Speech-to-Text & Text-to-Speech
What vendors mean: voice in, voice out. What it actually means: two technologies that quietly got ten times better in two years and changed what's possible in customer-facing AI.
The Technical Definition
Speech-to-Text (STT, also called automatic speech recognition or ASR) converts audio into written text. Text-to-Speech (TTS) does the reverse: written text is rendered as audio in a synthetic voice. Both fields were dominated for two decades by a handful of providers (Nuance, Google, Microsoft) producing acceptable-but-robotic results. The 2022-2026 wave reset the category. OpenAI’s Whisper, Deepgram, AssemblyAI, and Speechmatics moved STT to near-human accuracy on clean audio in dozens of languages. ElevenLabs, OpenAI’s TTS models, and Cartesia produced synthetic voices that pass the casual listening test.
What This Actually Means for Your Business
The combination of high-quality STT and TTS is the reason voice AI agents are actually shipping in 2026 instead of being a perpetual demo. Five years ago, every voice deployment had to apologize for the technology. The synthetic voice sounded synthetic. The transcription got names and product SKUs wrong. The latency between speech ending and response starting was uncomfortable. None of those constraints fully apply now.
For STT, the practical change is multilingual coverage and accuracy on real-world audio. Whisper-class models handle accents, code-switching, and background noise far better than the previous generation. Real-time STT (sub-300ms latency) is now standard. Specialized vocabulary — medical terminology, legal terms, product names — still needs custom acoustic modeling or post-correction with an LLM, but the gap is narrower.
For TTS, the change is voice cloning and emotional control. A 30-second sample is enough to clone a voice well enough that most humans can’t reliably tell the difference in a casual conversation. Voice can be steered for tone, pacing, and emotion. This is good news for accessibility, customer service, and audio content production. It is also the technology underneath a fast-growing class of fraud (CFO impersonation calls, voice-cloned authorization scams) that already cost real companies real money in 2024-2026.
The cost has collapsed. STT that used to cost $0.05 per minute now runs $0.005-0.015 in commodity providers and is approaching free in self-hosted Whisper deployments. TTS that used to require enterprise contracts is now metered per character at low single-digit dollars per million characters. This pricing is the reason voice AI agents can be unit-economic in customer service applications that were prohibitive two years ago.
The thing that hasn’t changed: failure modes are still expensive. An STT mistake on a customer’s account number means the agent looks up the wrong account. A TTS misreading of an unusual product name reads “RX-2400” as “are-ex-twenty-four-hundred” and confuses the caller. Production voice systems still need test suites, glossaries, and fallback paths. The quality bar is much higher because the technology is much better, not in spite of it.
Reality Check
What the vendor says: “Our voice AI is indistinguishable from a human.”
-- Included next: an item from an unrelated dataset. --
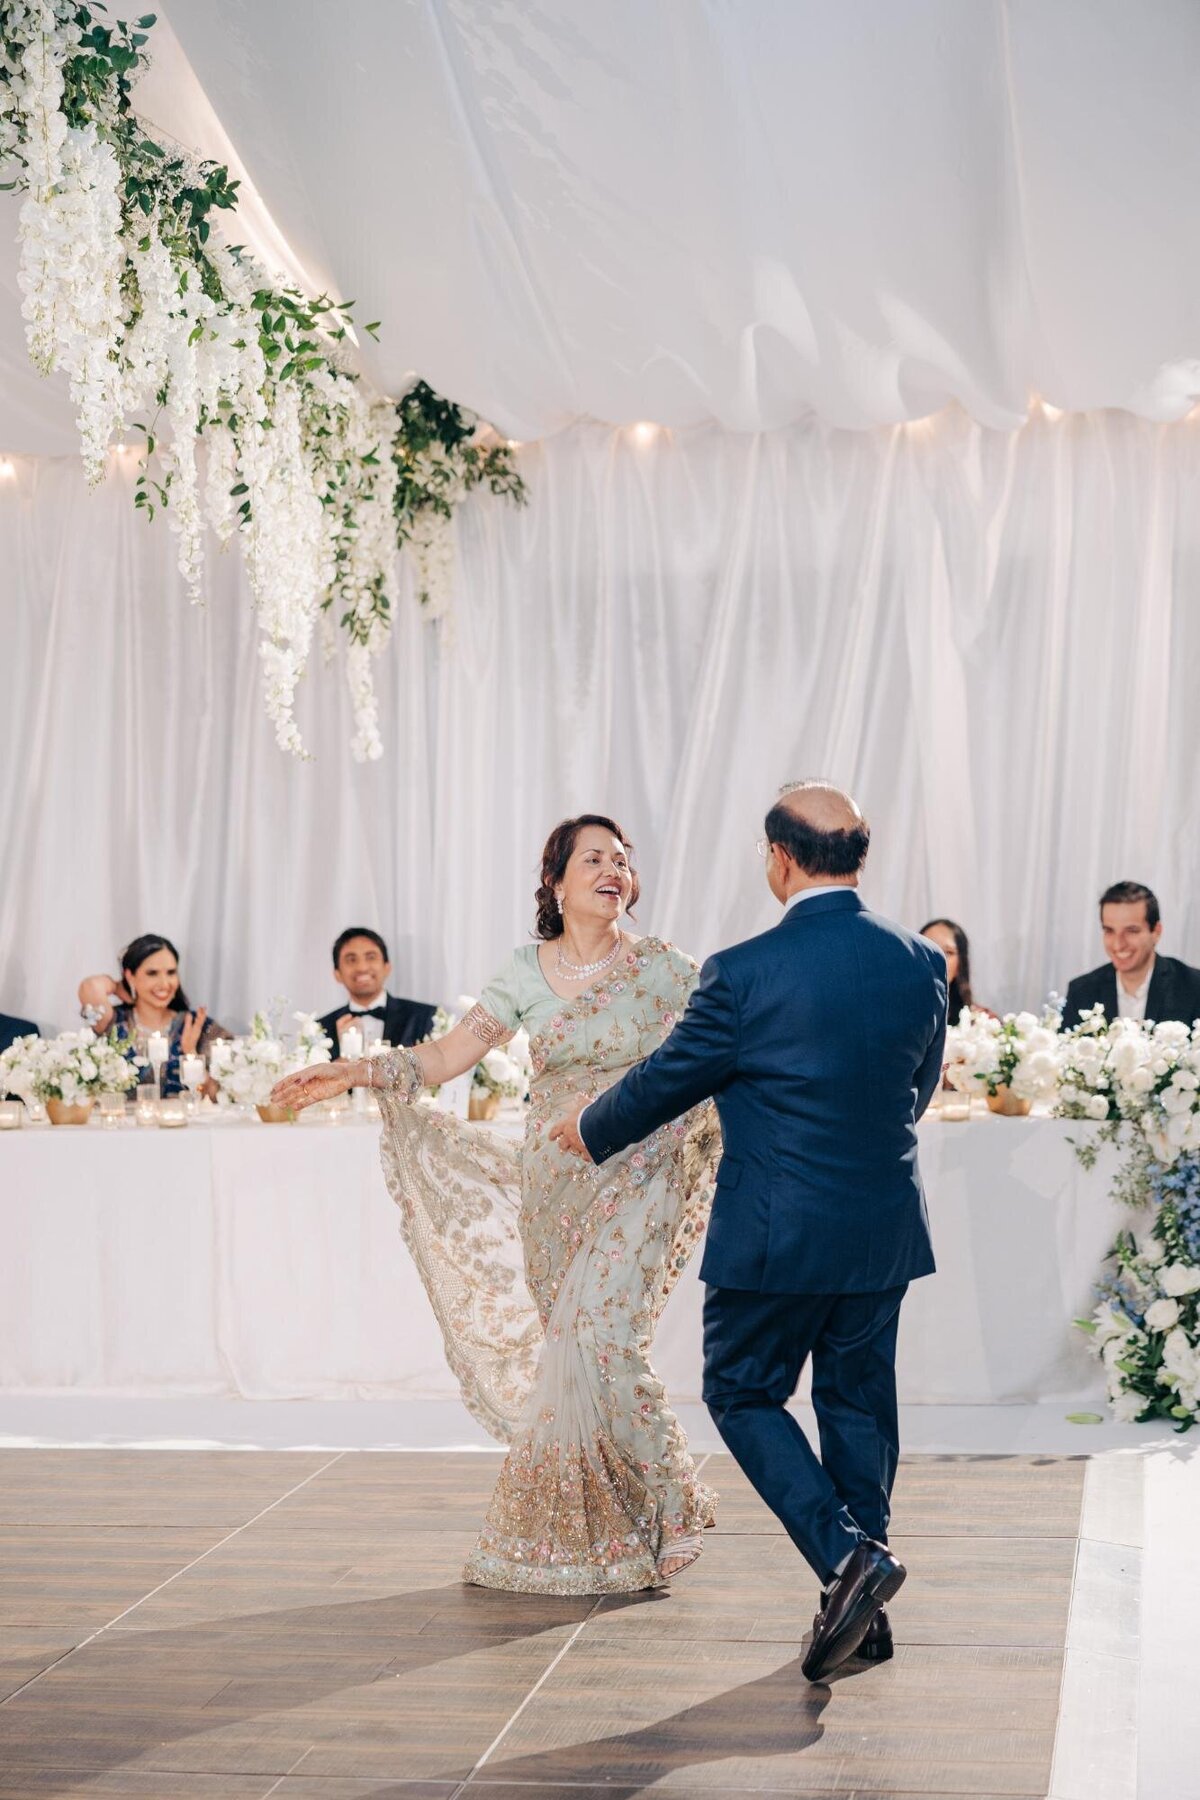 A bride in a beaded dress laughing joyfully while dancing with a man at a wedding reception, with guests watching in the background.

What that means in practice: It’s indistinguishable on a 20-second demo with a script the vendor chose. On a 4-minute call where a customer goes off-script, asks a follow-up the bot wasn’t trained for, or speaks with a strong regional accent, the gap shows up. Test with your actual call types and your actual customer base before you decide.
What Operators Actually Do
Companies running voice in production benchmark on their actual call recordings, not vendor demos. They take 100 calls representing their real customer base — including the calls with the heaviest accents, the most background noise, and the most specialized vocabulary — and measure word error rate per provider. The numbers usually surprise the procurement team.
They also build a domain glossary. Product names, customer-specific terms, drug names, account number formats — these are the words STT gets wrong, and the fix is usually a custom vocabulary list or a post-processing step that runs the transcript through an LLM with context. Skipping this step is the difference between 92% accuracy and 98% accuracy on the calls that matter.
For TTS, the operators who get this right pay attention to brand voice. The default voices from the major providers all sound like the same kind of pleasant-but-generic American radio voice. A bank, a healthcare provider, and a retail brand should not sound identical. Voice selection and pronunciation tuning are part of the brand work, not just a technical procurement.
The Questions to Ask
-
What’s the word error rate on call recordings that look like ours? Word error rate (WER) is the standard metric. Insist on a real test on real audio. Vendor numbers on broadcast English are not the right benchmark.
-
How are domain-specific terms handled? Product names, drug names, customer-specific vocabulary. There needs to be a documented mechanism for adding terms — either custom vocabulary, fine-tuning, or LLM post-correction.
-
What’s the latency from end-of-speech to first audio out? For real-time voice agents, total latency above ~700ms feels broken. Below 300ms feels natural. Get the actual measured number on your network, not the vendor’s data center.